ISPUB.com / IJA/13/1/7249
  • Author/Editor Login
  • Registration
  • Facebook
  • Google Plus

ISPUB.com

Internet
Scientific
Publications

  • Home
  • Journals
  • Latest Articles
  • Disclaimers
  • Article Submissions
  • Contact
  • Help
  • The Internet Journal of Anesthesiology
  • Volume 13
  • Number 1

Original Article

Analysis of Anaesthetic Intensive Care Unit Admissions: The Anaesthesiologists' Perspective

S Manjula, D Lalita, R Shilpa

Keywords

anaesthesia intensive care unit, perioperative morbidity, predictors of admission and outcome

Citation

S Manjula, D Lalita, R Shilpa. Analysis of Anaesthetic Intensive Care Unit Admissions: The Anaesthesiologists' Perspective. The Internet Journal of Anesthesiology. 2006 Volume 13 Number 1.

Abstract

This study was conducted during the period of January 2005 to December 2006 at Seth G.S. Medical College and K.E.M. Hospital, Parel, Mumbai. The aim of our study was to analyse the Anaesthesia Intensive Care Unit admissions and the challenges encountered in managing these patients. The Anaesthetic Intensive Care Unit is meant for any critically ill patient who needs observation in the perioperative period.
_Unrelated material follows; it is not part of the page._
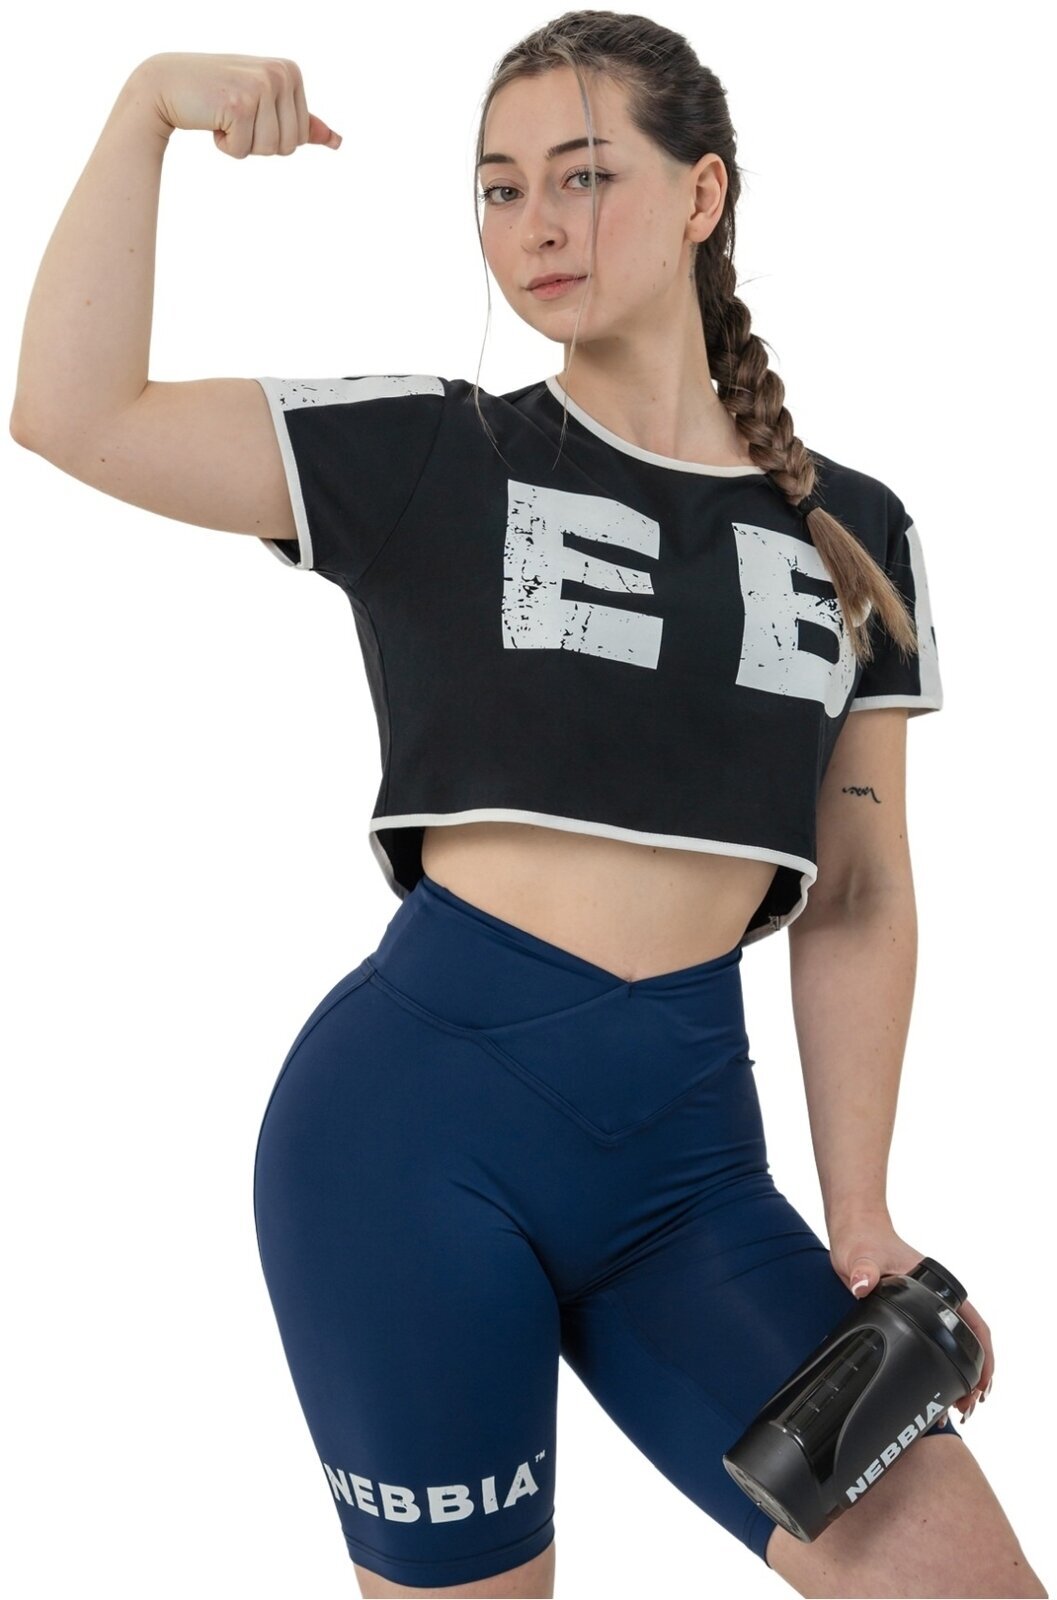 Fitness shirt Nebbia Oversized Crop Top Game On Black XS Fitness shirt
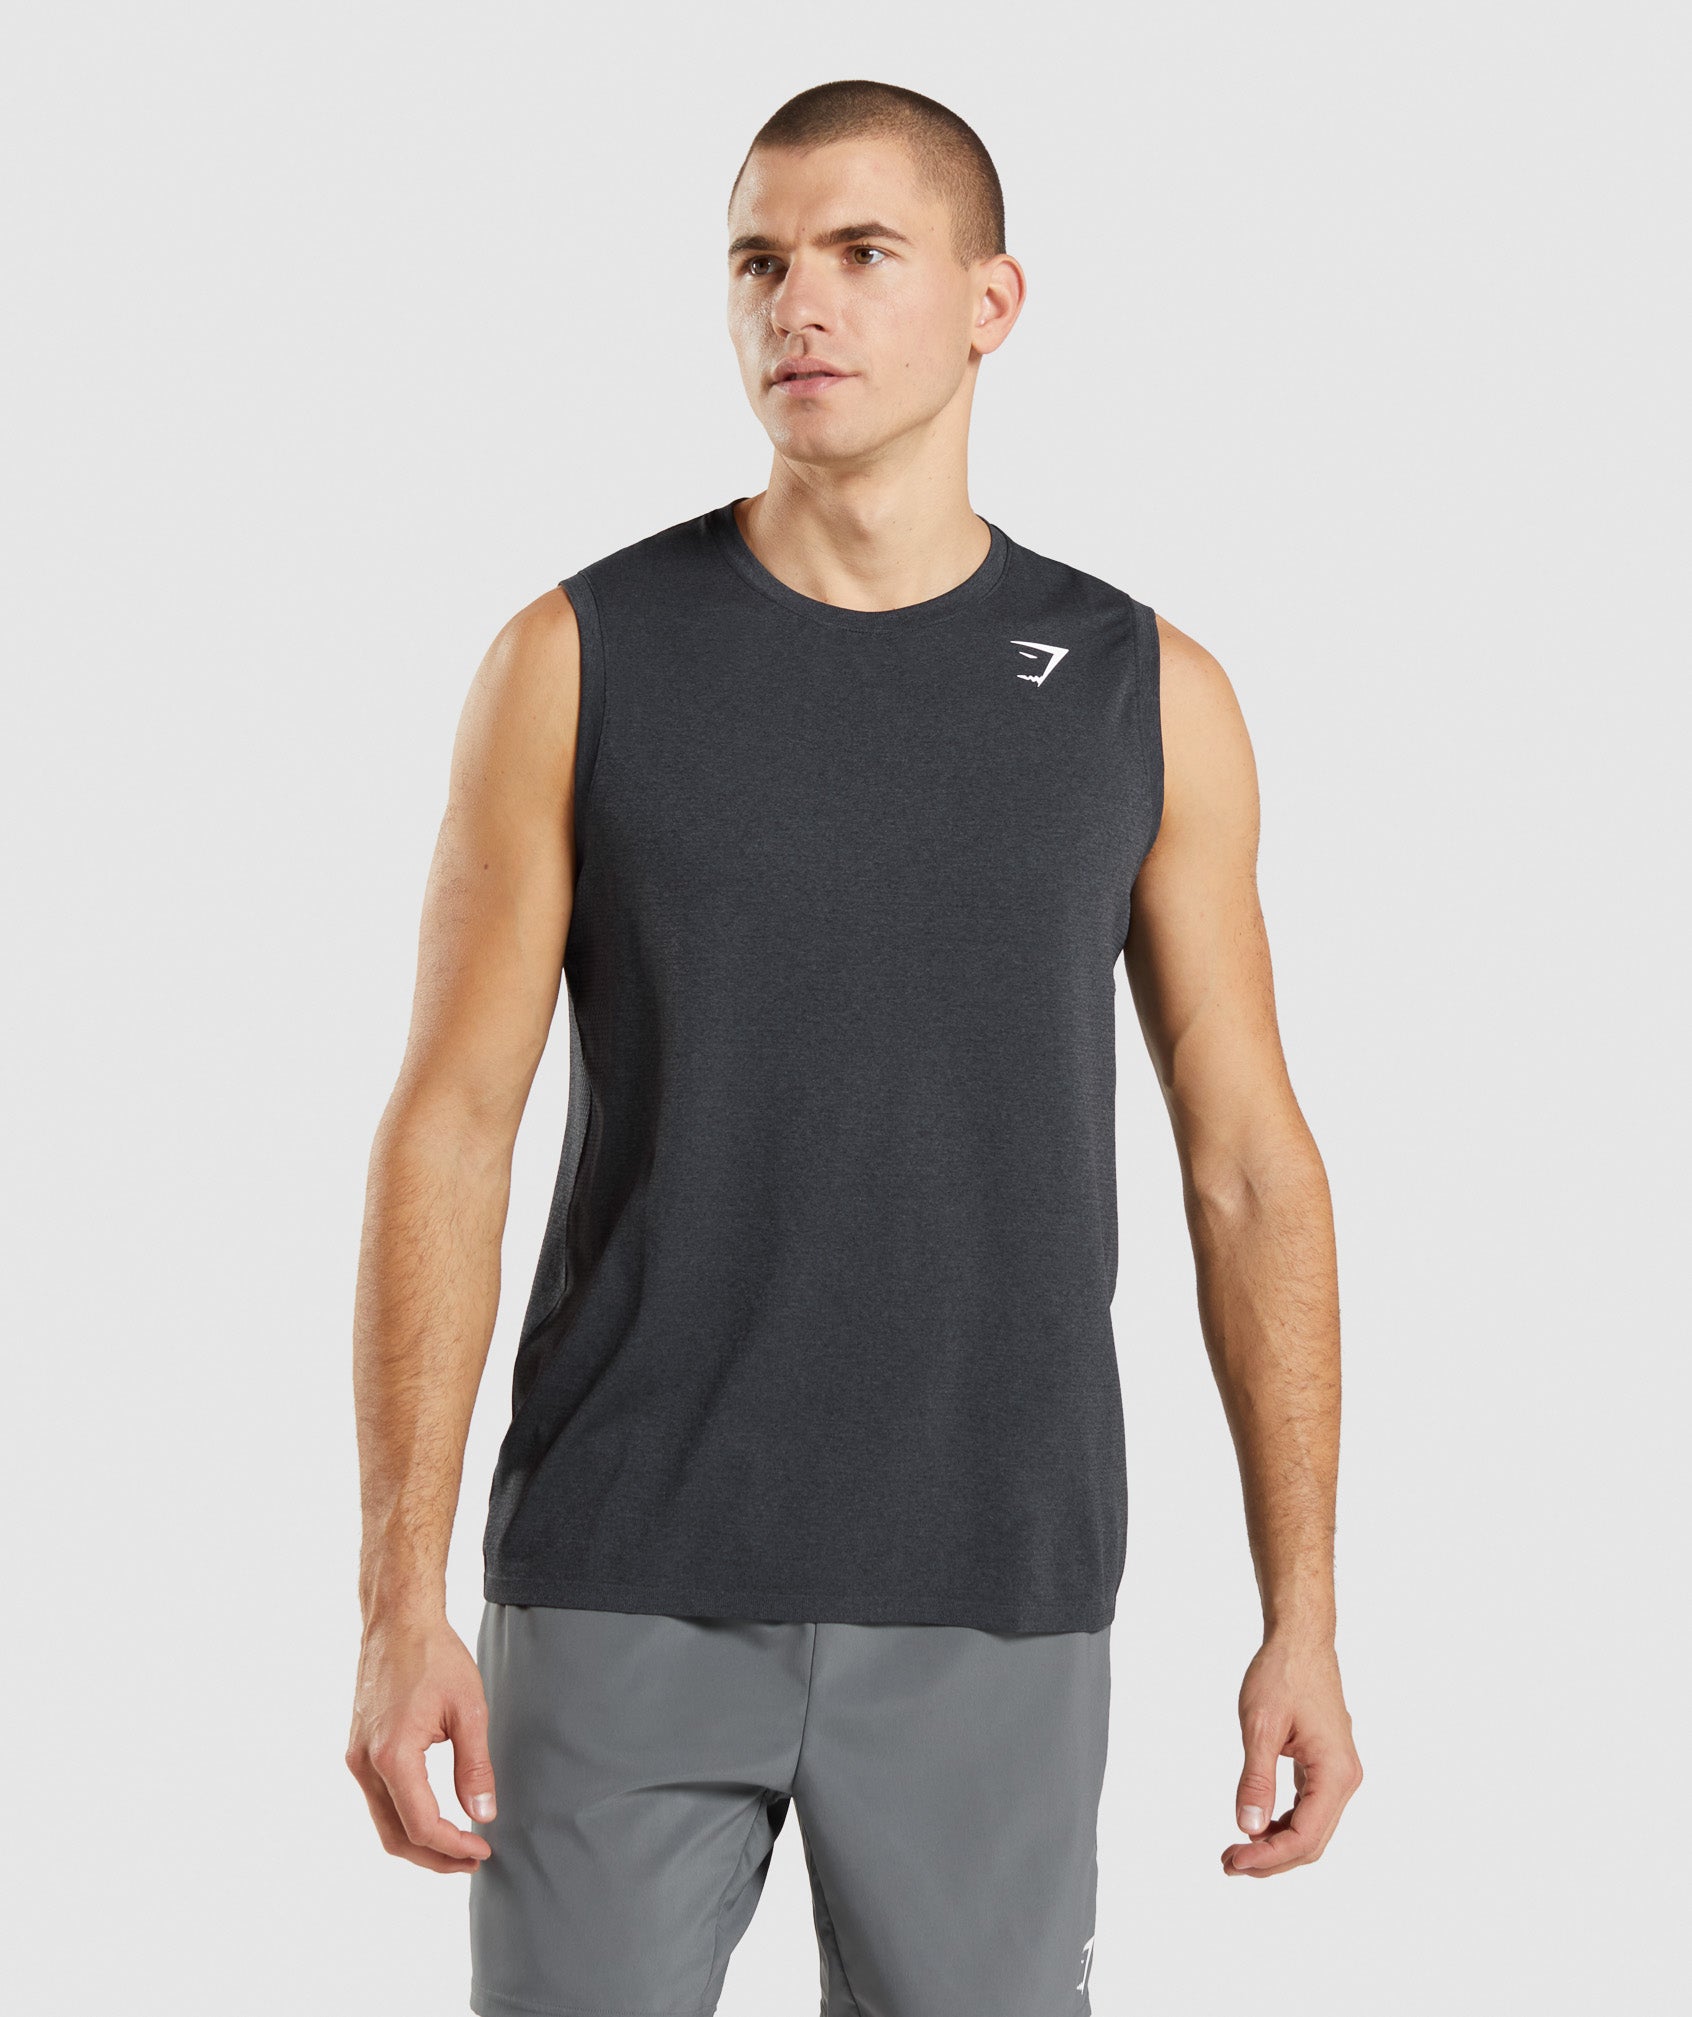 Arrival Seamless Tank in Black Marl - view 1

Perioperative variables were assessed and the overall outcome of these patients was analyzed. Multiple factors influence the overall patient outcome. The factors which served as significant predictors of Anaesthesia Intensive care unit admissions were males aged more than 60 years, ASA Grading III or IV, abdominal explorations, emergency operations, history of intra operative arrhythmias, major blood loss, hypotension requiring inotropic support. These factors were also significant in predicting an unfavourable outcome which included death of patients or prolonged Intensive Care Unit stay. These factors also constituted a challenge rather than routine Intensive Unit Care.

 

Introduction

Anaesthetic Intensive Care Unit is meant for patients who are critically ill and who need observation during their perioperative period.2 Perioperative morbidity is any anaesthesia or surgery related complication which leads to prolonged Intensive Care Unit care and stay.1

Risk of death associated with anaesthesia is known to depend on a number of factors which may be determined intra operatively.1,2,3,4,5,6 Pre anaesthetic illness of the patients, surgical practice, anaesthesia techniques, experience of surgeons and anaesthetists and duration of anaesthesia could play a vital role in the development of perioperative complications and to comment on the avoidance of such incidents with a view to improve practice.4

In recent years, there has been increasing interest in the development of risk assessment in anaesthesia. In order to improve the quality of care in anaesthetic practice by defining either the individual patient at increased risk of anaesthesia or specific areas of anaesthetic practice which account for the more common causes of morbidity and mortality.4

Multiple factors influence the overall patient outcome and risk. Early recognition of complications, timely intervention and masterly monitoring is the key to avoid unfavorable outcome. Unfavourable outcome can be prevented with more knowledge, availability of better drugs, techniques and monitoring equipments.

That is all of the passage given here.